Si bien no me interesa hablar del misterio, me parece muy interesante hablar de lenguaje, que es mucho más asible. Todas las disciplinas artísticas parten de las mismas bases, premisas, limitaciones y prestaciones, pero tienen diferentes nombres y se ejecutan de diferentes formas. El resultado se me antoja como un juego maravilloso y, tal vez por eso, no quiero ser músico: porque no quiero que el conocimiento me prive del hallazgo. Yo me aventuro a estas cosas porque siento que una idea me pide una forma concreta para ser expresada con el máximo esplendor. Ya dije que trato de ser honesto con eso, y si hay que hablar sobre una cheerleader a la que nadie abraza pese a estar siempre con los brazos abiertos, pienso que hay que hacerlo en ese idioma, en el de la musicalidad de las cheerleaders, y que hay que decir rah rah rah, porque está inscrito en la propia idea, aunque no se vea. Por ejemplo.
¿Cuál es la cosa que hayas hecho a nivel artístico de la que estés más orgulloso?
Hasta descubrir que hay un 3 % de posibilidades de que la idea no fuera del todo mía: el cartel de gira de The Secret Society.

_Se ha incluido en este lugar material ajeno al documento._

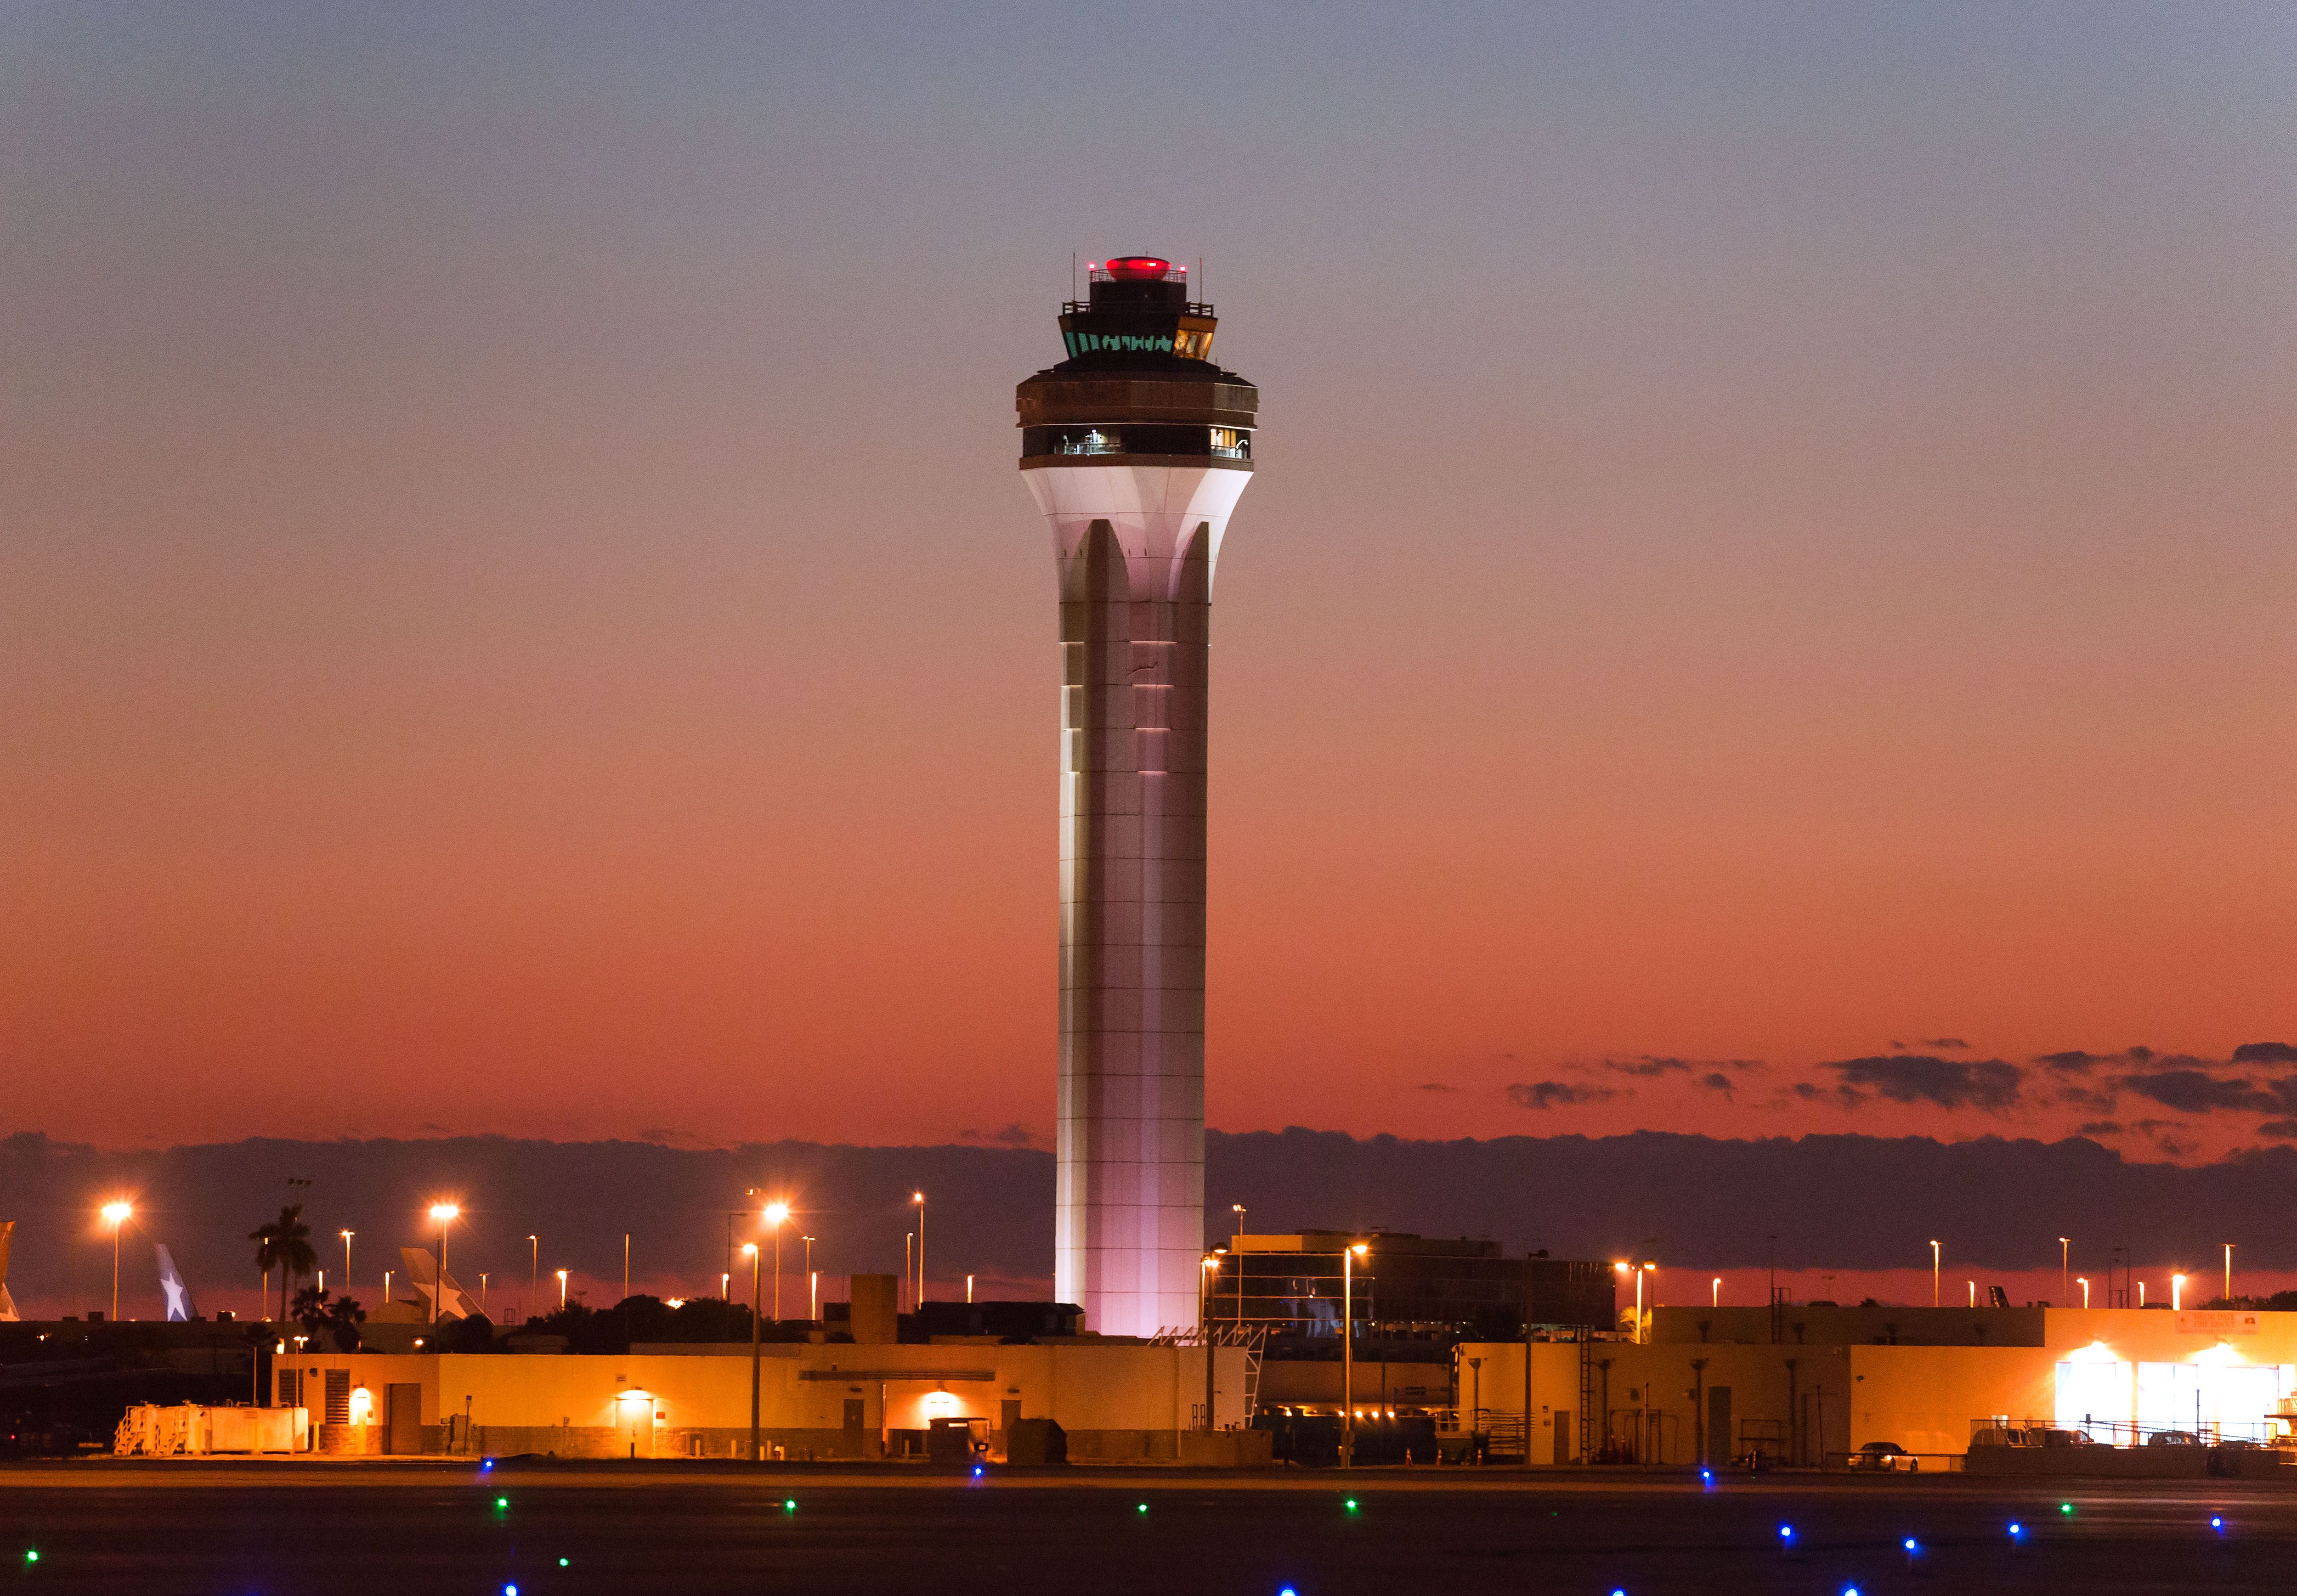 Miami Airport ATC Tower

¿Podrías enumerar ilustradorxs actuales que te gusten mucho y qué es lo que encuentras en ellxs que no esté presente en tu obra?
Hay una lista muy extensa de profesionales de la ilustración a los que admiro, pero no voy a decir nombres porque no soy ningún soplón. Pero, más allá del campo profesional, me apasiona el Art Brut, el primitivismo y similares, precisamente porque adoptan decisiones improbables que están a años luz de mi proceso creativo metódico, racional y previsible. Esa pasión genuina e ingenua la admiro muchísimo.
¿Hay alguna manera de confrontar la afirmación de que “toda obra artística es política”?
Gran debate. Siempre he sentido que no quería cortafuegos en mi imaginación, que quería dejarla correr a sus anchas. Otra cosa bien distinta es la manifestación pública de esas ocurrencias. Con el tiempo aprendí a no decirlas todas, a guardarme las que no iban a sumar ni a aportar, o las que eran ideas dúctiles: fácilmente manipulables y tergiversables. Pero eso ha sido una decisión personal y profesional. Respeto a la gente que, de forma deliberada, no pone cortapisas en su propuesta artística. Te pueden chirriar ciertas cosas puntuales, pero el conjunto es el que explica la obra, y la obra está en una frecuencia distinta. Paralelamente, siento que es una pena no aprovechar ni una sola de las distintas manifestaciones que hacemos para aportar a este mundo de mierda algo de cordura, sentido crítico, amor, desahogo o consuelo.